Detailed stress fields in the focal region of the 2011 off the Pacific coast of Tohoku Earthquake—Implication for the distribution of moment release—
- Keita Chiba^{1}Email author,
- Yoshihisa Iio^{1} and
- Yukitoshi Fukahata^{1}
https://doi.org/10.5047/eps.2012.07.008
© The Society of Geomagnetism and Earth, Planetary and Space Sciences (SGEPSS); The Seismological Society of Japan; The Volcanological Society of Japan; The Geodetic Society of Japan; The Japanese Society for Planetary Sciences; TERRAPUB 2012
Received: 28 December 2011
Accepted: 23 July 2012
Published: 28 January 2013
Abstract
We have examined the focal mechanism distributions in the source region of the 2011 off the Pacific coast of Tohoku Earthquake, before and after the mainshock, using F-net data, and then performed a stress tensor inversion by using the multiple inverse method. It is found that earthquakes were mainly reverse fault type events all over the source region before the main shock, whereas, after the main shock, many normal fault type events occurred in the hanging wall but focal mechanisms did not change in the deepest part in the source region. It is inferred from the stress tensor inversion that the stress state is a reverse fault type in the deepest part before, and after, the mainshock but that, in the central part, the stress state changed from reverse fault type before the mainshock to normal fault type after the mainshock. These results suggest that the absolute shear stress on the plate boundary fault in this region was almost completely released by the mainshock. Furthermore, we examined, in detail, the focal mechanism distributions and stress states in the shallower part near the trench axis off the Miyagi Prefecture and found that strike-slip events with the P-axis in the NS direction occurred in the footwall east of the mainshock hypocenter. This finding can be well explained by a slip model with a large moment release near the hypocenter. Our analysis constrains the spatial distribution of the moment release of the 2011 off the Pacific coast of Tohoku Earthquake around the mainshock hypocenter rather than in the vicinity of the trench axis.
Key words
1. Introduction
The 2011 off the Pacific coast of Tohoku Earthquake (the Tohoku earthquake) occurred at 14:46 (JST) on 11 March, 2011, along the plate boundary between the subducting Pacific plate and the overlying inland plate. It was estimated that this giant earthquake with M_{w} 9.0 disturbed stress fields in, and around, the hypocentral region (e.g., Hasegawa et al., 2011). We investigated the focal mechanism distributions using the dataset obtained by the F-net over a longer time duration after the mainshock than Asano et al. (2011), and performed the stress tensor inversion by the multiple inverse method (Otsubo et al., 2008). Furthermore, we compared the spatial distributions of the focal mechanisms and stress states before, and after, the mainshock.

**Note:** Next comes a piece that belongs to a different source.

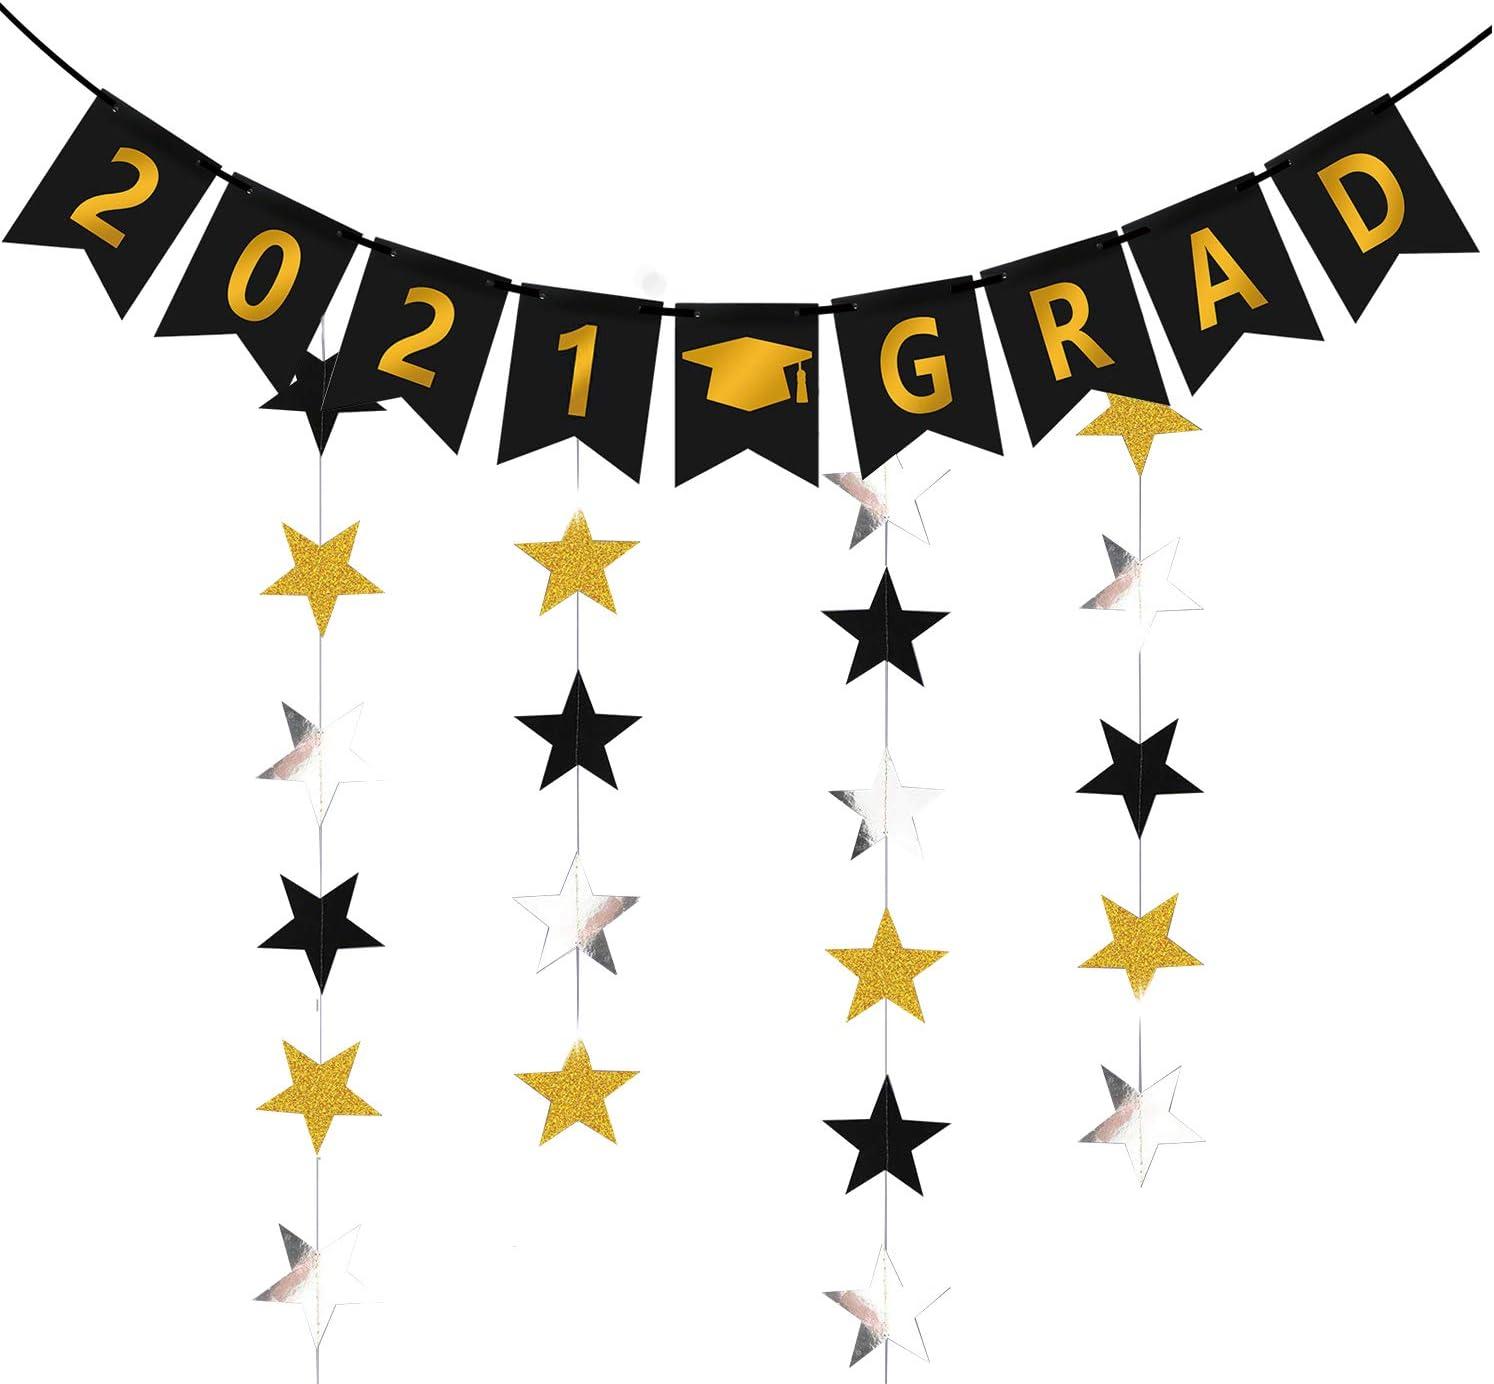 Black and Gold Graduation Graduation Party Decor 2019 Grad Banner Class of 2019 Graduation Banner Graduation Banner
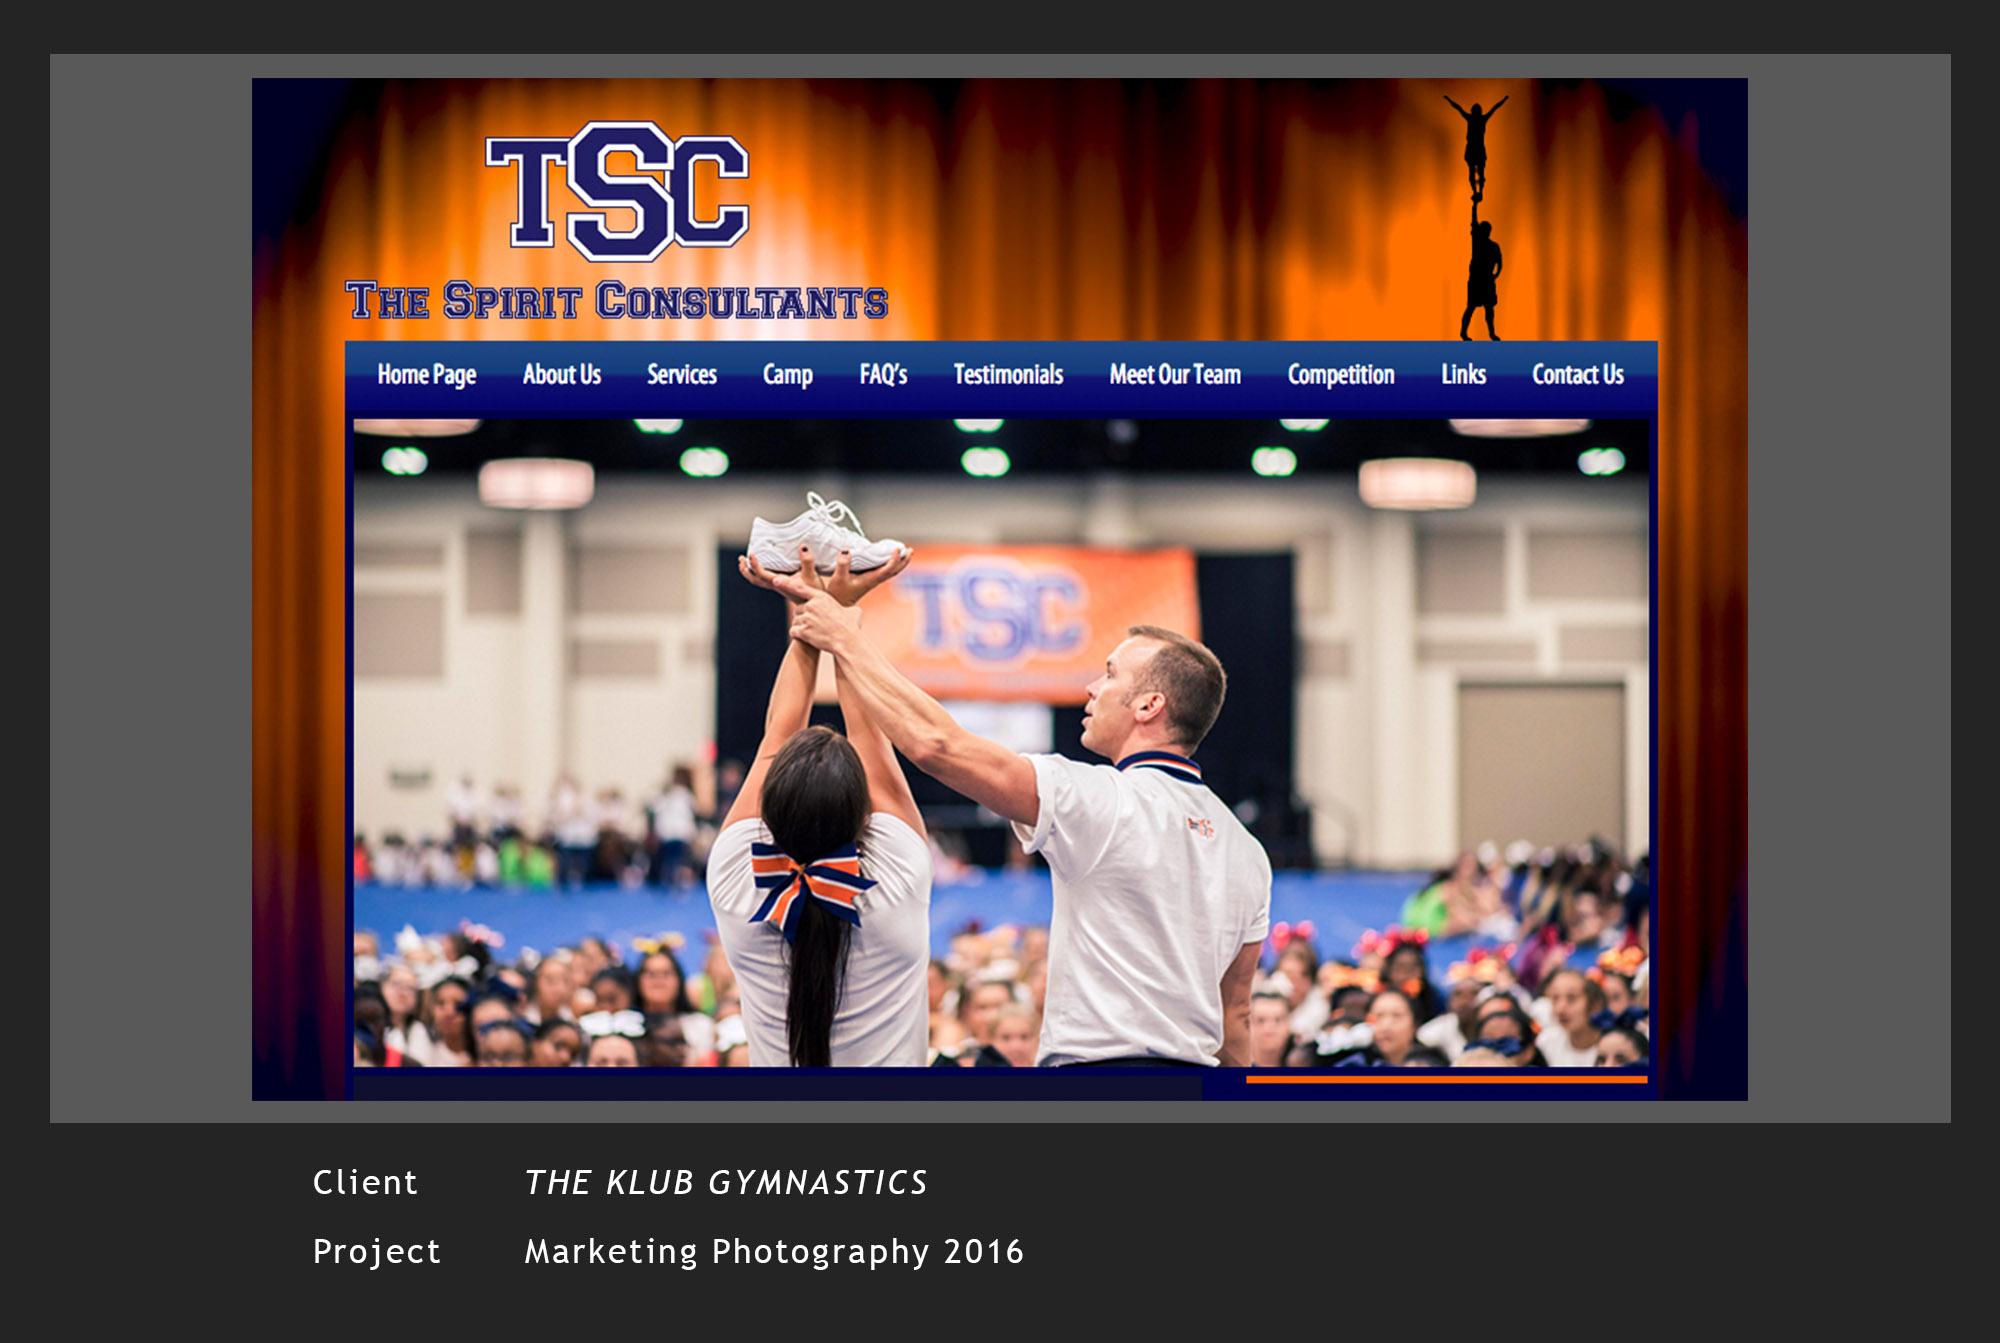 tearsheet_TSC_2016_5.jpg

Numerous studies have estimated the slip distribution of the Tohoku earthquake. There are some models having a large slip in the region shallower than the mainshock hypocenter, near the trench axis off the Miyagi Prefecture (e.g., Fujii et al., 2011; Ide et al., 2011; Lay et al., 2011; Suzuki et al., 2011; Yagi and Fukahata, 2011), whereas other models have a large slip near the hypocenter of the mainshock (Ammon et al., 2011; Koketsu et al., 2011). We sought to clarify in which region the maximum moment release by the mainshock occurred, by comparing the above observations with stress changes calculated from typical models with a different moment release distribution.
In stress tensor inversion, we usually divide a model region into a finite number of grids and specify a stress state for each grid. If we try to estimate a detailed spatial distribution of stress states from a dataset with large hypocentral errors, however, it can be difficult to properly set grids for the inversion, owing to the hypocentral errors. In this study, we use the F-net data that possibly include hypocentral errors, particularly near the trench region. We then used a multiple inverse method and K-means clustering (Otsubo et al., 2006), which can give plural stress states within one grid. By this method, we can more precisely evaluate the stress states from a dataset with large hypocentral errors.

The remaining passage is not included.